Phase-3 stopping rules

  • If Subset A's mean LOSO PLCC fails to beat canonical-6 by ≥ 0.005, stop. The hypothesis is dead and the canonical-6 stays.
  • If Subset A wins but Subset B does not, ship Subset A as vmaf_tiny_v2_canonical7.onnx and stop.
  • If Subset B wins, ship Subset B as vmaf_tiny_v2_consensus7.onnx with a sidecar feature_set: "consensus-7" flag.
  • If Subset C wins materially over Subset B (≥ 0.005 PLCC), ship it too as vmaf_tiny_v2_full21.onnx with a documented extraction-cost-vs-accuracy tradeoff.

Notes / caveats

  1. Single-corpus measurement. All numbers above are from the Netflix Public 9-source corpus alone. The KoNViD-1k corpus parquet (per Research-0025) was not extracted in this Phase-2 pass because of the ~3-hour-per-1200-clip cost; full-feature KoNViD extraction is a Phase-3 prerequisite if Subset B/C advance. The redundancy structure (e.g. motion family clustering) is unlikely to differ between corpora, but the importance rankings may.
  2. Random-forest concentration on adm2 is interpretable but not as informative as it looks: see §"Random-forest importance" note about correlated-feature underweighting. Do NOT cite the "94.8 % importance on adm2" number without that context.
  3. Per-scale ADM redundancy hides per-frame outlier signal. adm_scale3 carries top-10 consensus rank but its correlation with adm2 is only 0.84 (not in the redundant-pair list). This is the strongest evidence that v2 should expand the ADM surface, not just substitute one for another.
  4. lpips was excluded from Phase 1/2 (Research-0026 Q1). This digest does NOT speak to whether a DNN-based feature could improve a v2 model — that's a separate axis.
  5. Consensus top-K is conservative by construction. K=10 with 3 methods means each feature must land in the top-47 % of every ranking.
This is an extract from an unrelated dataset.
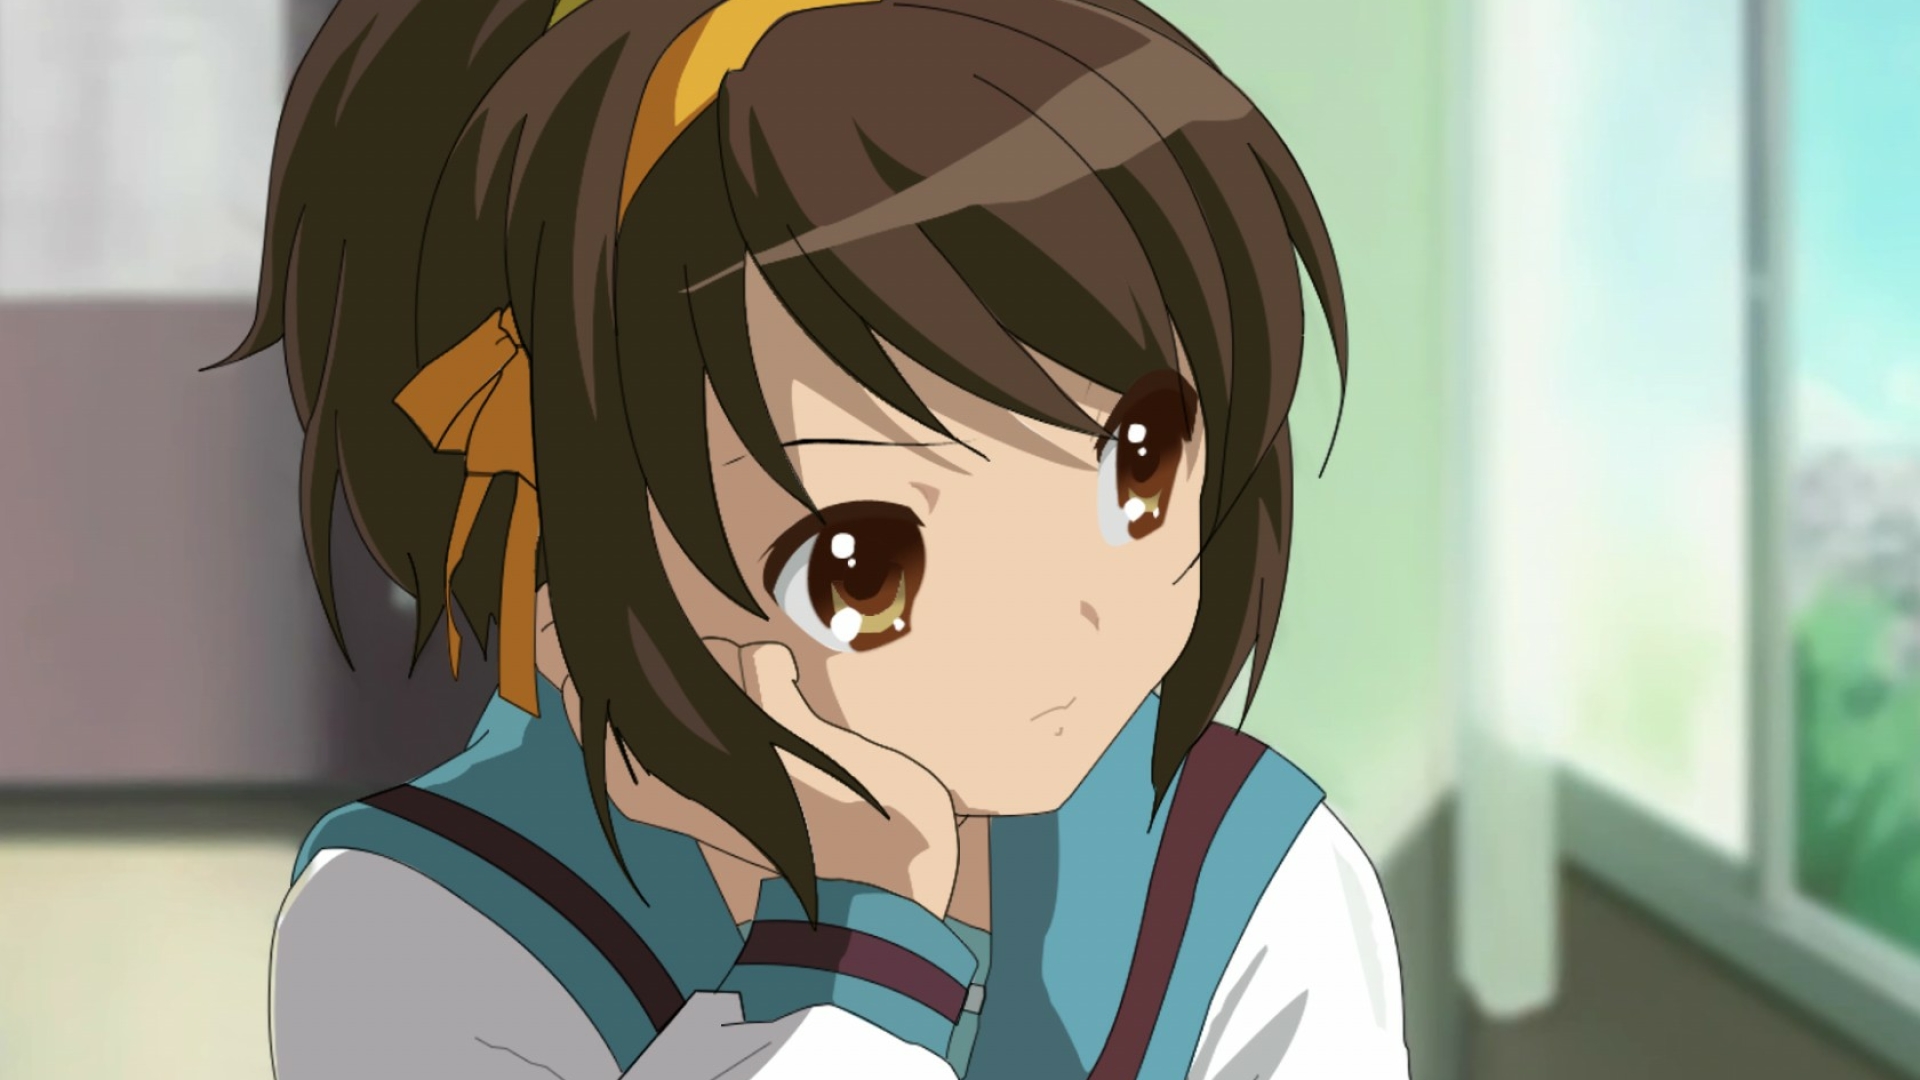 The Endless eight 15,532-time loop in Haruhi Suzumiya was painful

Loosening to K=15 yields 7 consensus features (adds adm_scale1, motion2, vif_scale1); loosening to K=20 yields 12 (adds adm_scale2, psnr_hvs, float_ssim, vif_scale3, motion).

Reproducer

# 1. Full-feature extraction (~118 min wall on ryzen-4090-arc CPU):
python3 ai/scripts/extract_full_features.py \
  --out runs/full_features_netflix.parquet

# 2. Correlation + MI + LASSO + RF analysis (<1 min):
python3 ai/scripts/feature_correlation.py \
  --parquet runs/full_features_netflix.parquet \
  --out runs/full_features_correlation.json \
  --top-k 10 \
  --redundancy-threshold 0.95

The JSON report includes ADR-0661 run_provenance with the analyzer entrypoint, original argv, parsed target / threshold / top-K arguments, source parquet path, and output report path. Treat that block as the replay contract when comparing refreshed feature-correlation runs across corpora.

References

  • req (user, 2026-04-29): "and rebase #185" + "yeah write up" in response to Phase-2 result summary.
  • Research-0026 — the 4-phase plan this digest closes Phase 2 of.
  • Research-0023 §5 — content-distribution variance source (orthogonal axis to feature-set; addressed by Research-0025).
  • Research-0025 — data-side variance resolved by KoNViD; this digest opens the feature-side.
  • ADR-0049 — tiny-AI sidecar JSON policy (governs how a v2 model declares its feature_set).
  • PR #185 — FULL_FEATURES registry (the 21-feature inventory this digest exercised).
  • PR #186 — Phase-2 analysis scripts (extract_full_features.py + feature_correlation.py).
  • Source data: runs/full_features_netflix.parquet (11 040 rows × 25 cols, gitignored).
  • Source analysis: runs/full_features_correlation.json (full Pearson matrix + per-method rankings + consensus, gitignored).